Where custom asserts live

  • File: roslyn_testing/bsharp_compliance_testing/src/custom_asserts/after_parse.rs
  • Entry points:
    • after_parse(...): lightweight per-case hook for structural or source-based assertions.
    • after_parse_with_expected(...): adds an optional diagnostics expectation integration.
  • Helper macro:
    • assert_when! { ... } — enables concise, per-case matching on module/file/method/index.

Using assert_when!

The macro lets you target a specific Roslyn case by module name, Roslyn filename, Roslyn test method name, and case index (0-based within the method).

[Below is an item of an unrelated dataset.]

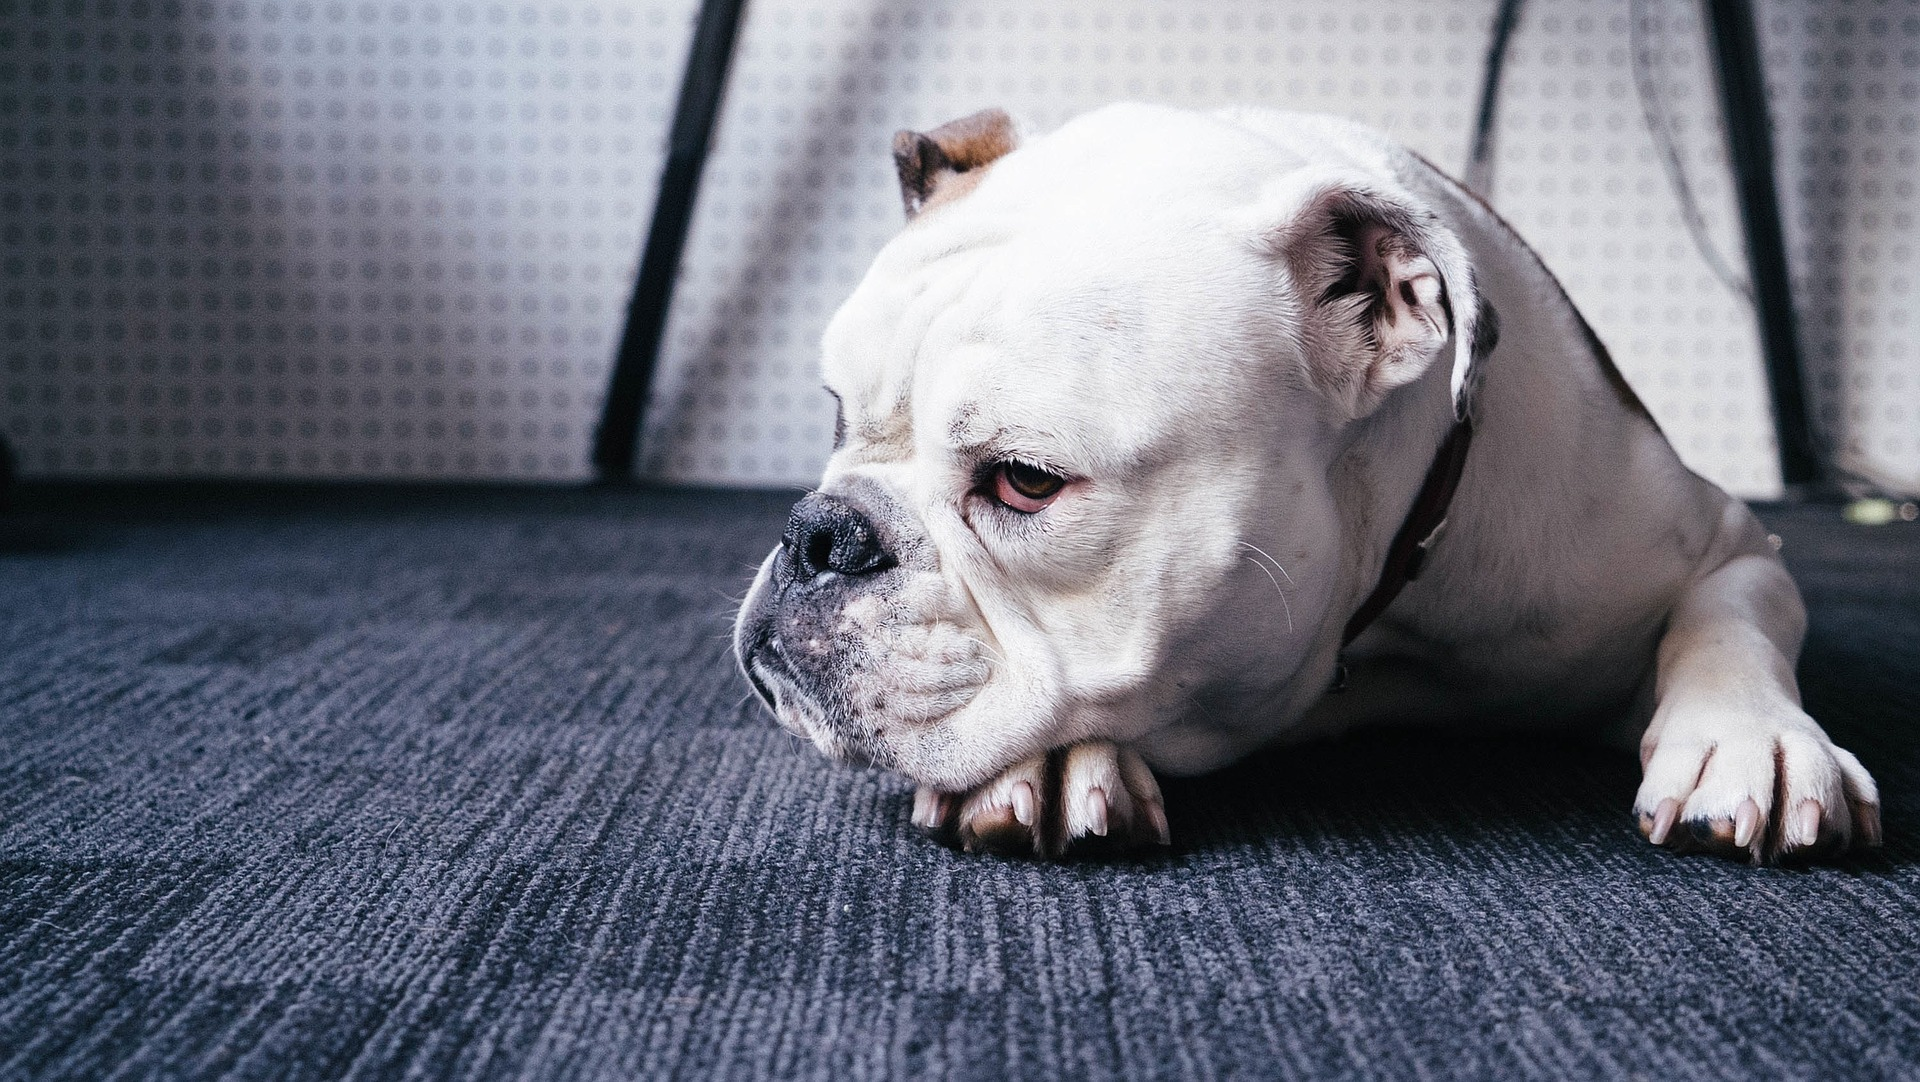 download wallpaper: bulldog wallpaper
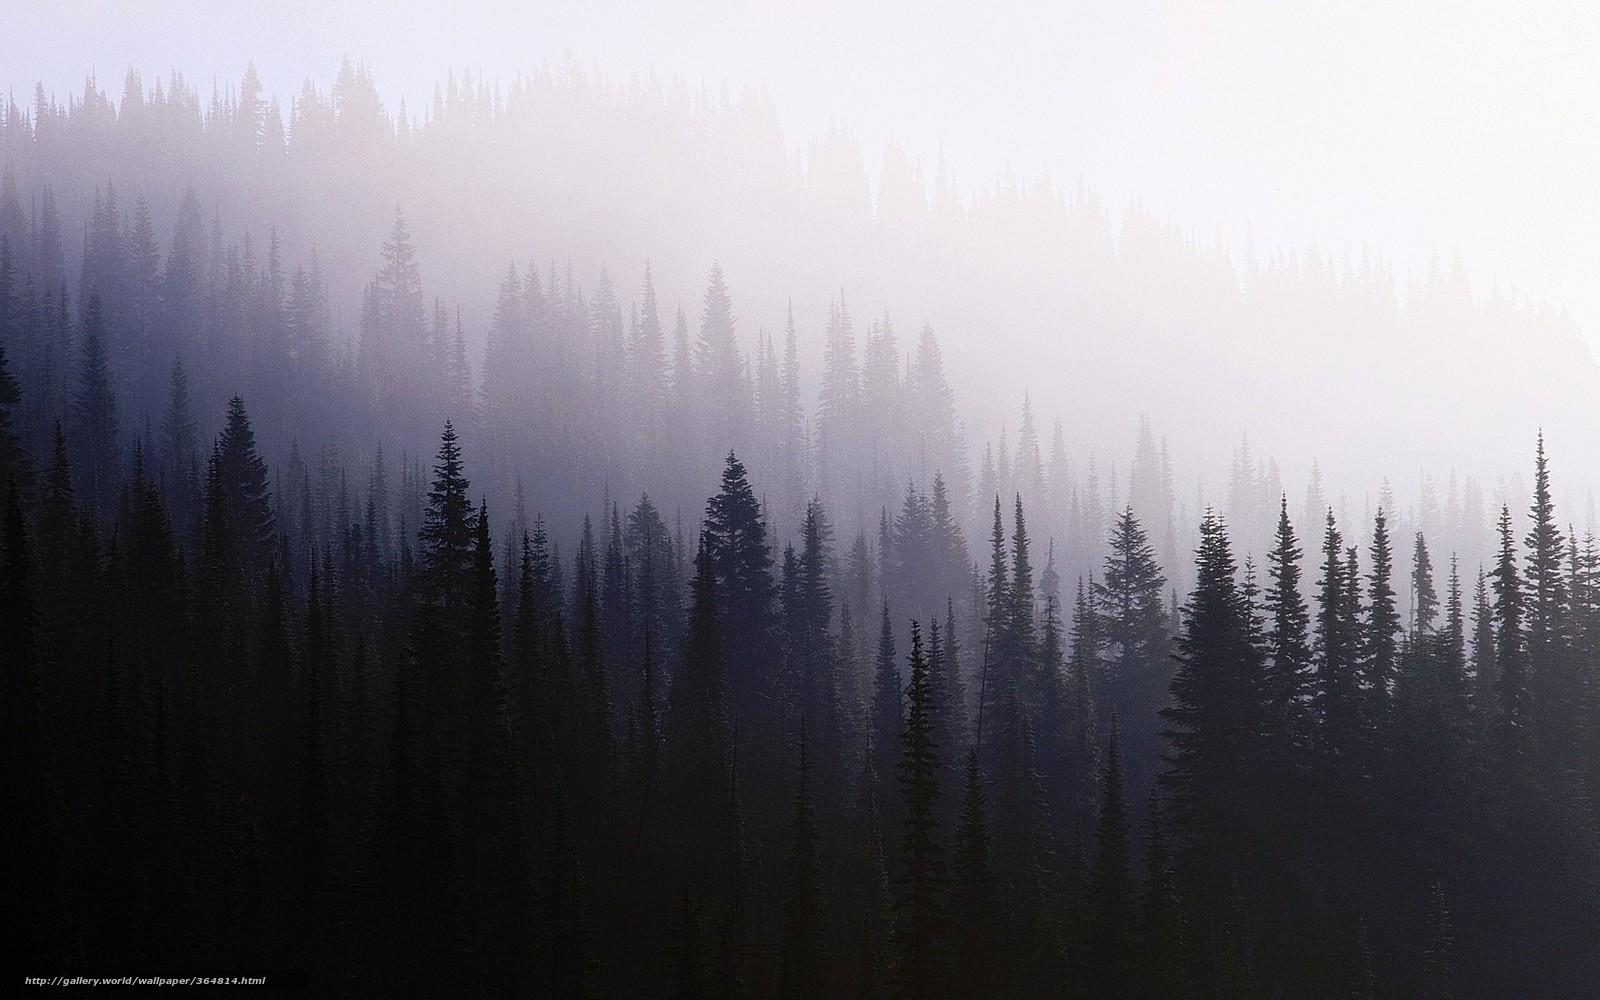 Скачать обои лес, фон, хвойные, туман ...: ru.gde-fon.com/download/les_fon_xvojnye_tuman/364814/1680x1050

Example for a Statement case:

#![allow(unused)]
fn main() {
use crate::custom_asserts::after_parse::{after_parse, CaseData};

pub fn after_parse(
    module: &str,
    roslyn_file: &str,
    roslyn_method: &str,
    idx: usize,
    case: CaseData<'_>,
) {
    assert_when!(
        module = "statement_parsing_tests",
        roslyn_file = "StatementParsingTests",
        roslyn_method = "TestSwitchStatementWithNullableTypeInPattern3",
        idx = 2,
        Statement(ast, src) {
            // Add your targeted assertions here
            assert!(src.contains("switch"));
            // Optional: pattern-match on `ast` when you need structure checks
            // match ast { /* ... */ }
        }
    );
}
}

Example for a File case (full CompilationUnit available):

#![allow(unused)]
fn main() {
use crate::custom_asserts::after_parse::{after_parse, CaseData};

pub fn after_parse(
    module: &str,
    roslyn_file: &str,
    roslyn_method: &str,
    idx: usize,
    case: CaseData<'_>,
) {
    assert_when!(
        module = "using_directive_parsing_tests",
        roslyn_file = "UsingDirectiveParsingTests",
        roslyn_method = "SimpleUsingDirectiveNamePointer",
        idx = 0,
        File(unit, src, original) {
            assert!(src.starts_with("using "));
            // `unit` is a &bsharp_syntax::ast::CompilationUnit
            // You can inspect its using directives or declarations if needed.
            assert!(unit.using_directives.len() >= 1);
            let _ = original; // original Roslyn text when provided
        }
    );
}
}

Diagnostics integration

If the generator attaches expected diagnostics, use after_parse_with_expected(...) to compare counts when diagnostics are supported by the build:

#![allow(unused)]
fn main() {
use crate::custom_asserts::after_parse::{after_parse_with_expected, CaseData};

pub fn my_integration(
    module: &str,
    roslyn_file: &str,
    roslyn_method: &str,
    idx: usize,
    expected: Option<crate::custom_asserts::roslyn_asserts::ExpectedDiagnostics>,
    case: CaseData<'_>,
) {
    // Runs custom case asserts and then asserts diagnostics count when available
    after_parse_with_expected(module, roslyn_file, roslyn_method, idx, expected, case);
}
}

Notes:

  • When diagnostics support is disabled, the helper asserts with an explicit "unimplemented" fallback to avoid silent failures.
  • Keep asserts precise and self-contained; prefer checking concrete substrings or specific AST facts.

Best practices

  • Keep assertions small and focused. Use assert_when! blocks per case.
  • Avoid brittle assumptions: prefer checking presence/shape over exact token trivia.
  • Match our naming convention in any structure references (PascalCase, no Syntax suffix).
  • Fail fast with clear messages; do not silently swallow errors.